**Directions for this task:**
Output the data below exactly, images excluded.

[[ Information provided open ]]

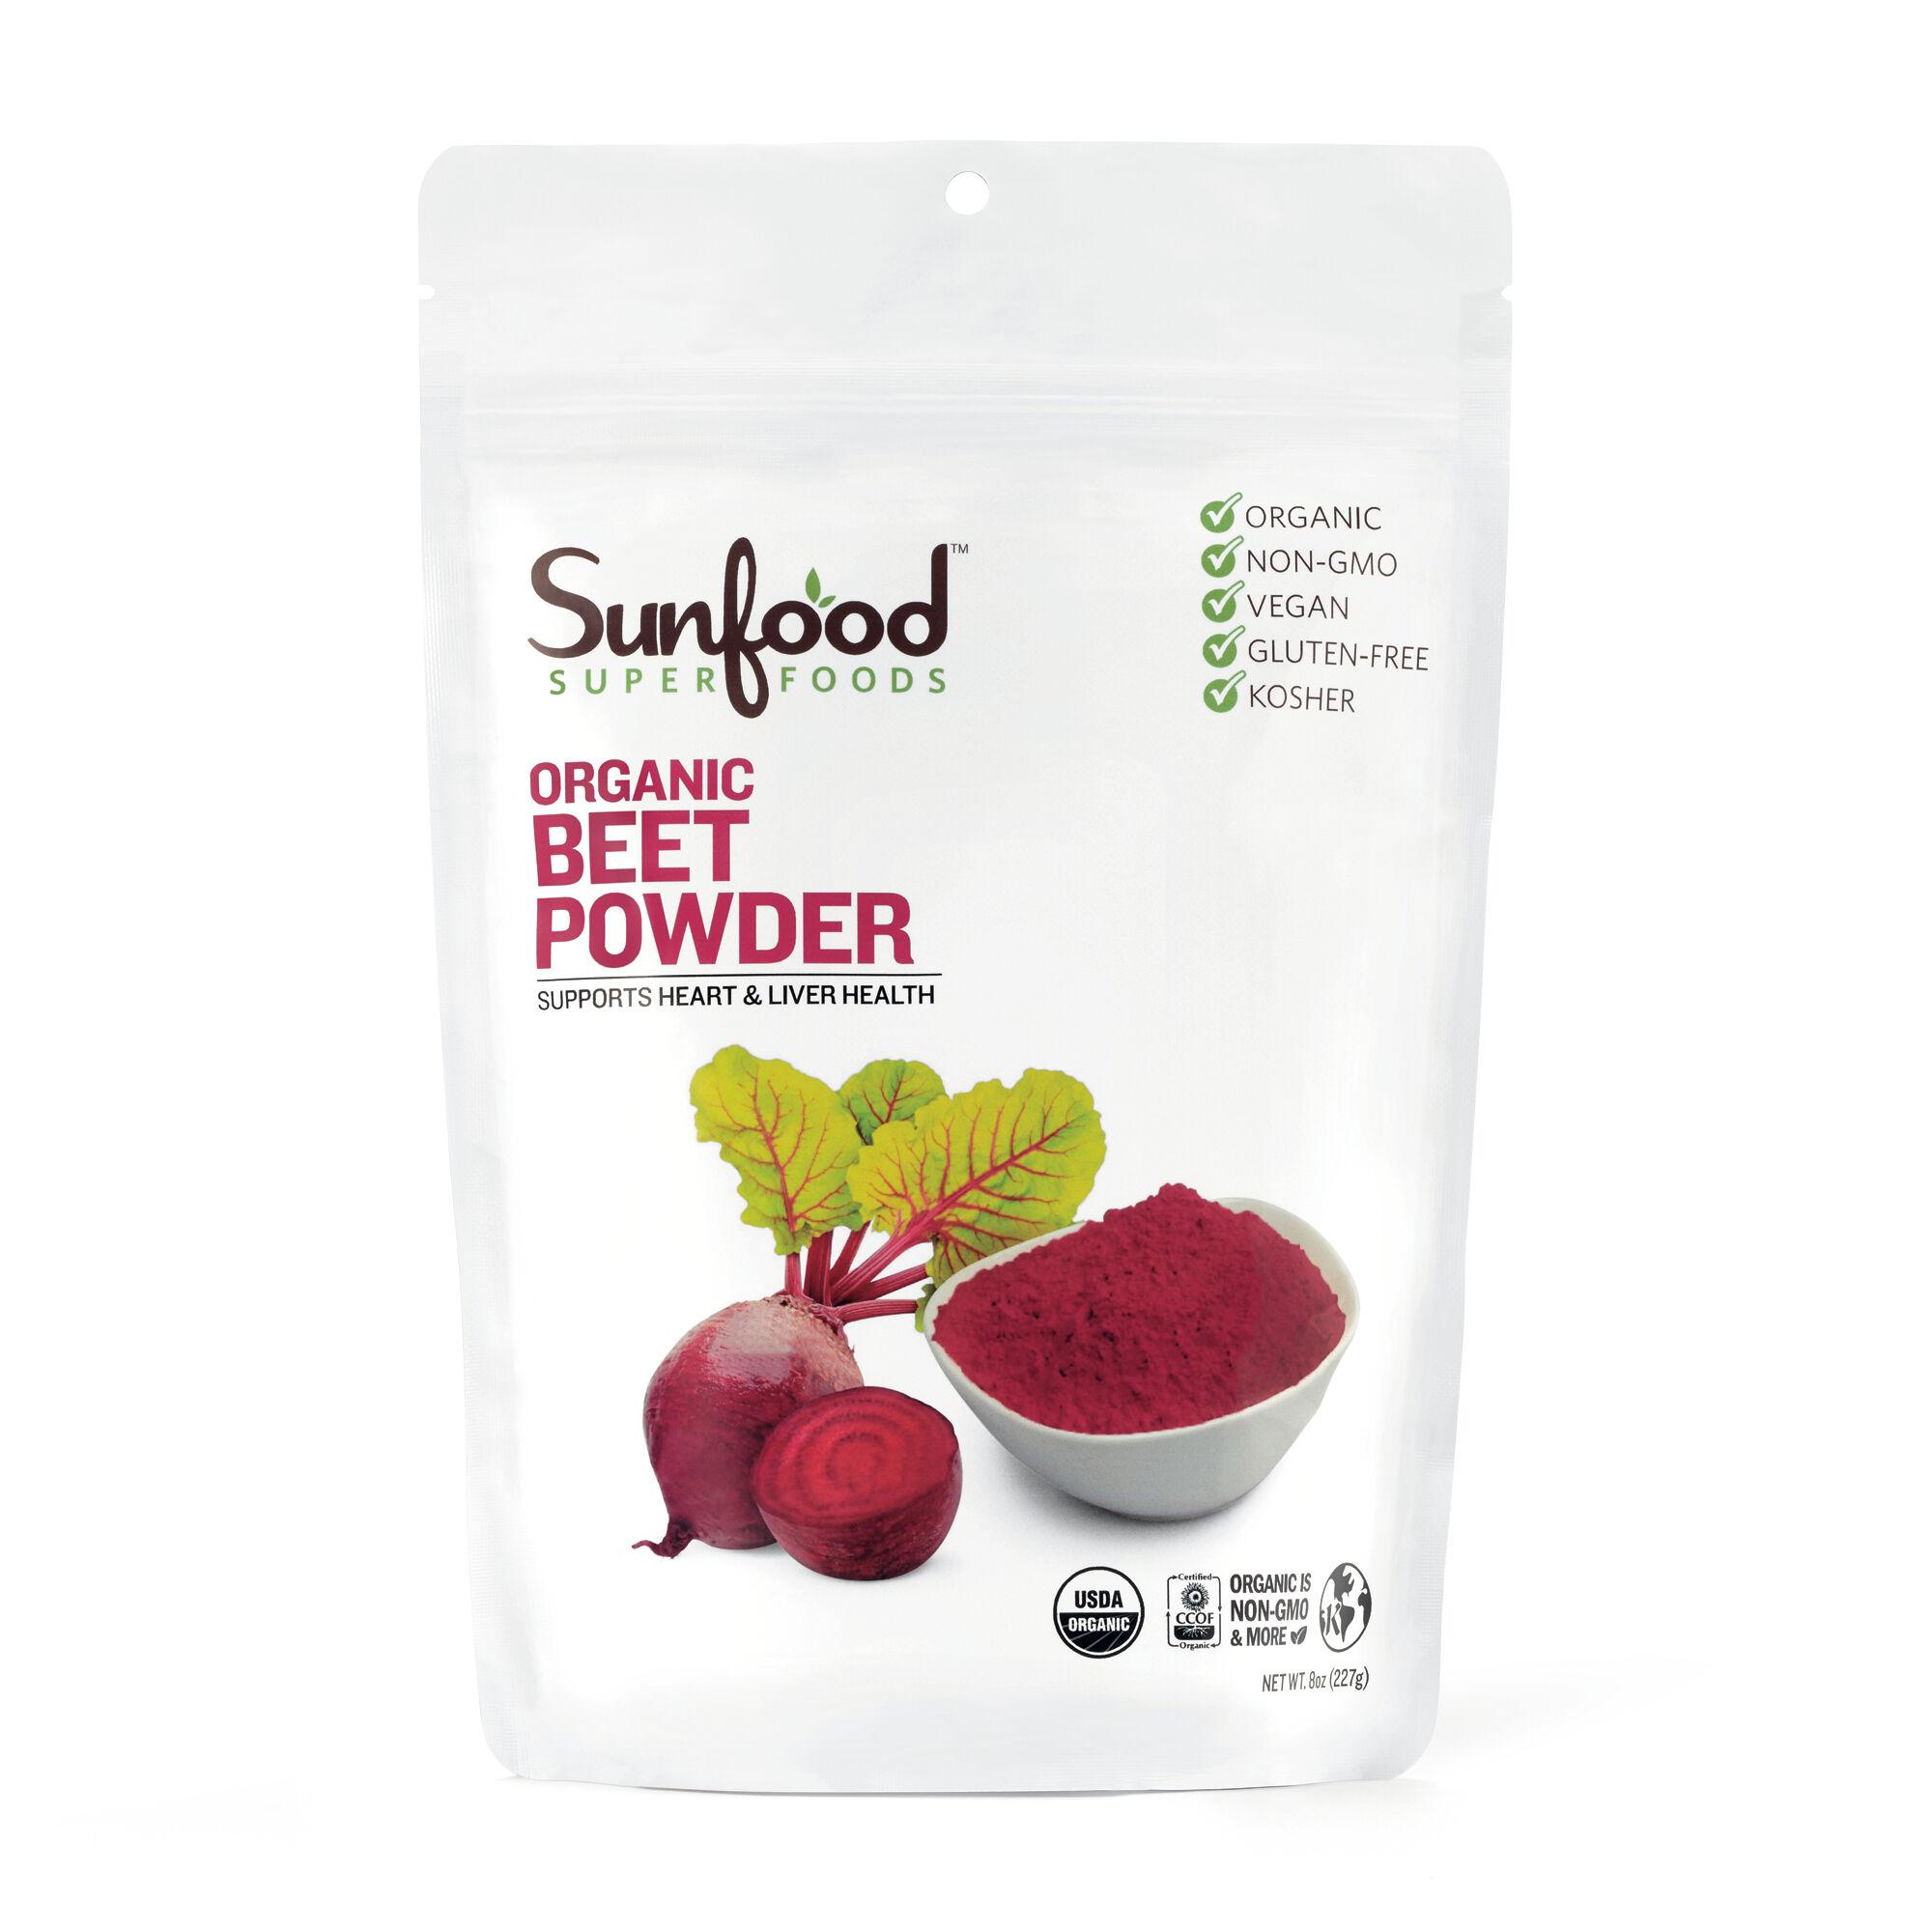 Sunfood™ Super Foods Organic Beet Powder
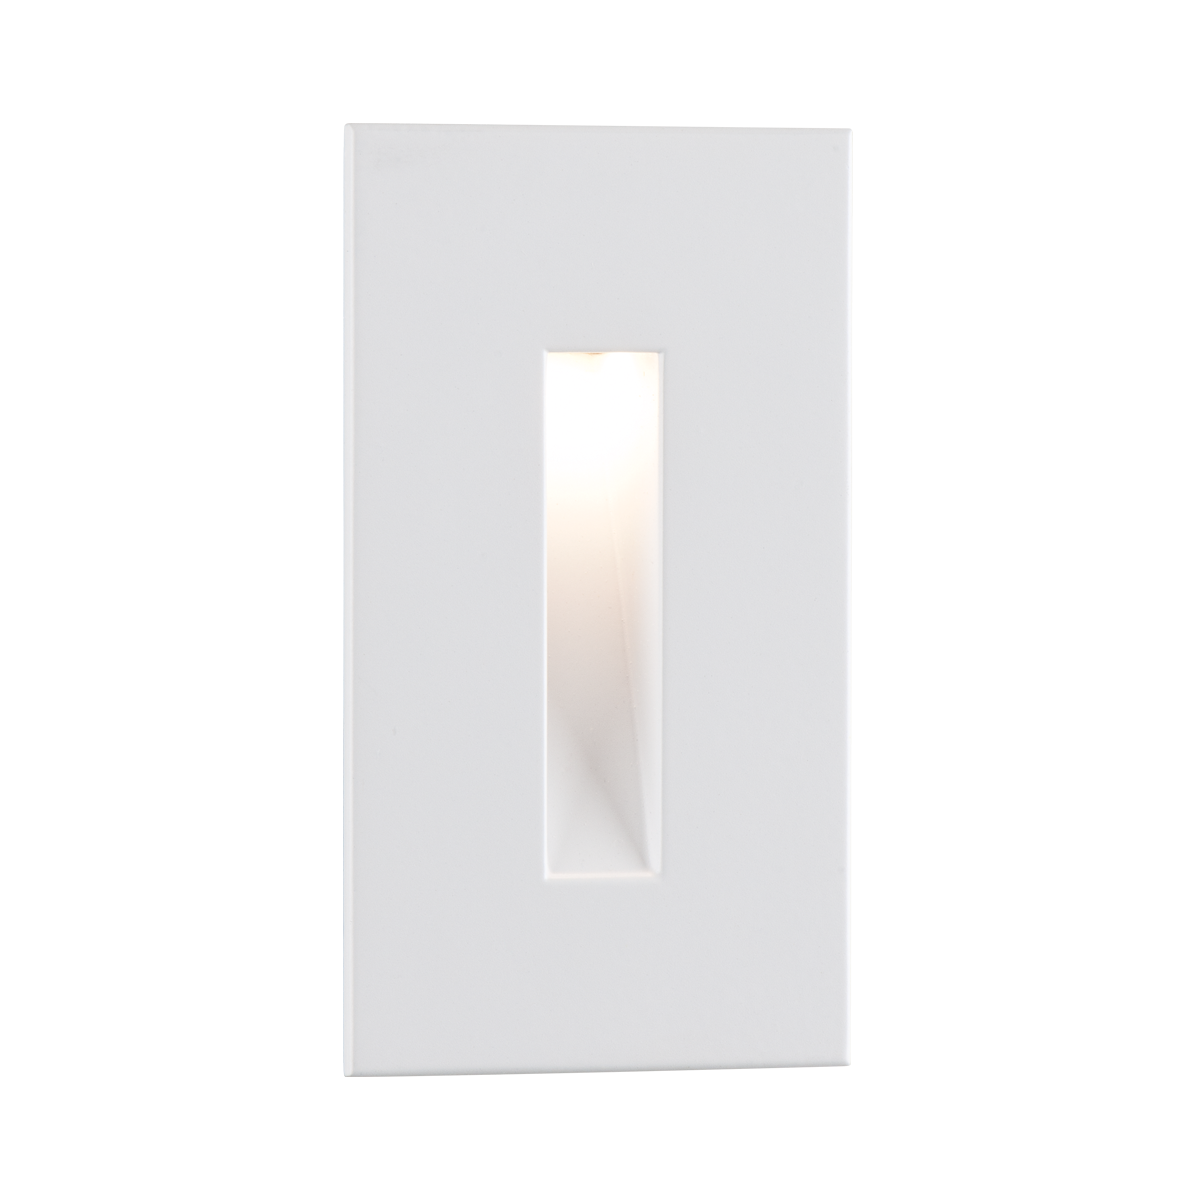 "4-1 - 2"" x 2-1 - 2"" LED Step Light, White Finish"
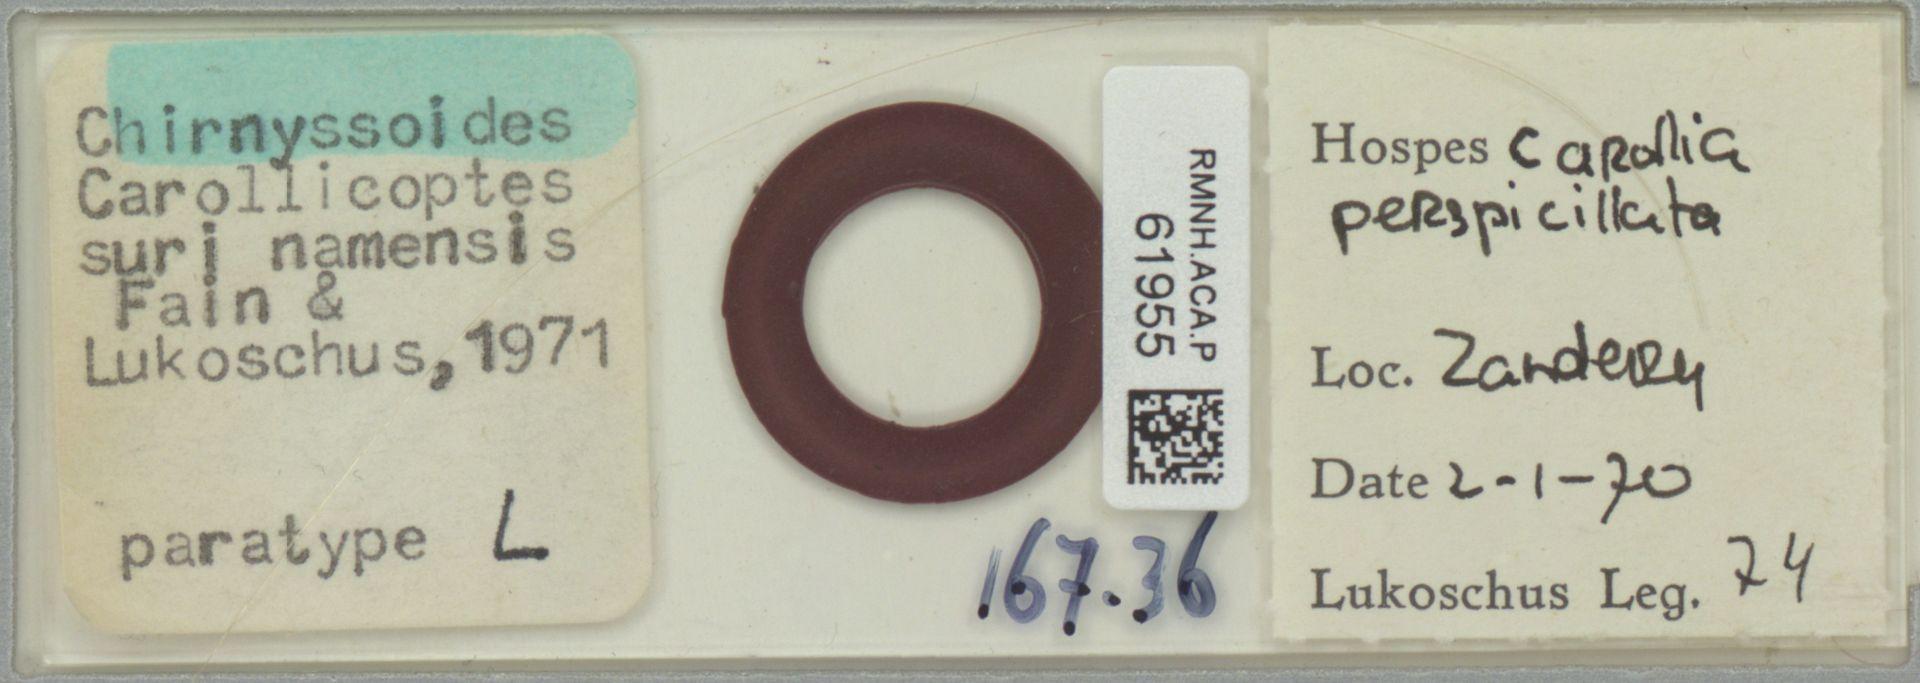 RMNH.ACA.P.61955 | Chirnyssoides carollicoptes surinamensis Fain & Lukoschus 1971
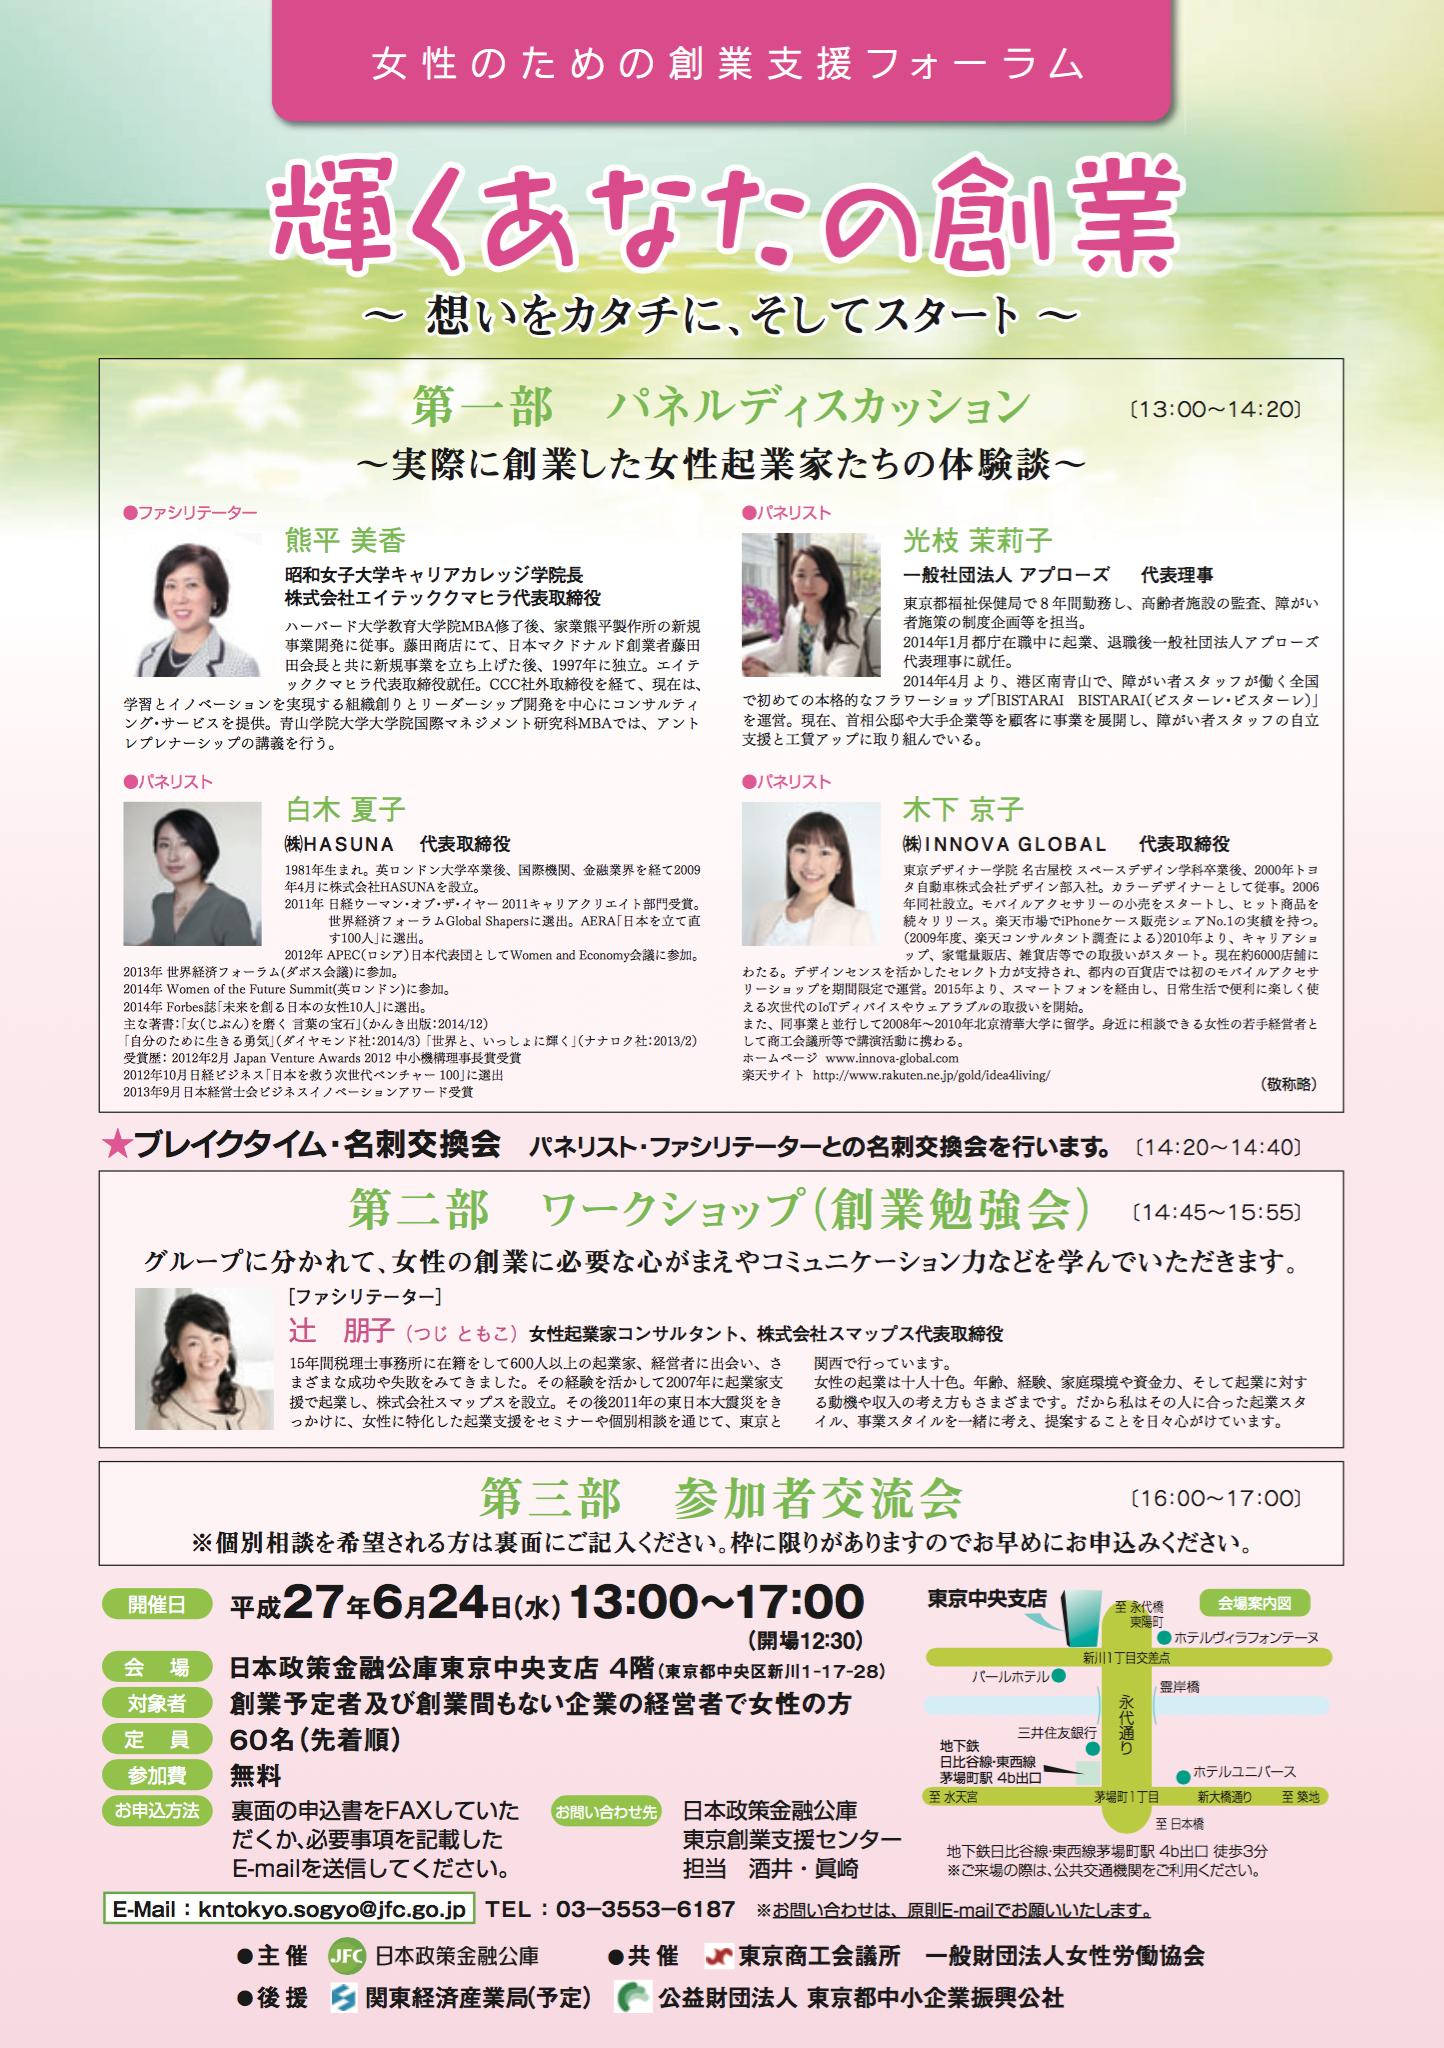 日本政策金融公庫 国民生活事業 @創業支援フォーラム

[[ Information provided closed ]]

**Result for this task:**
 Sunfood™ Super Foods Organic Beet Powder
 "4-1 - 2"" x 2-1 - 2"" LED Step Light, White Finish"
 RMNH.ACA.P.61955 | Chirnyssoides carollicoptes surinamensis Fain & Lukoschus 1971
 日本政策金融公庫 国民生活事業 @創業支援フォーラム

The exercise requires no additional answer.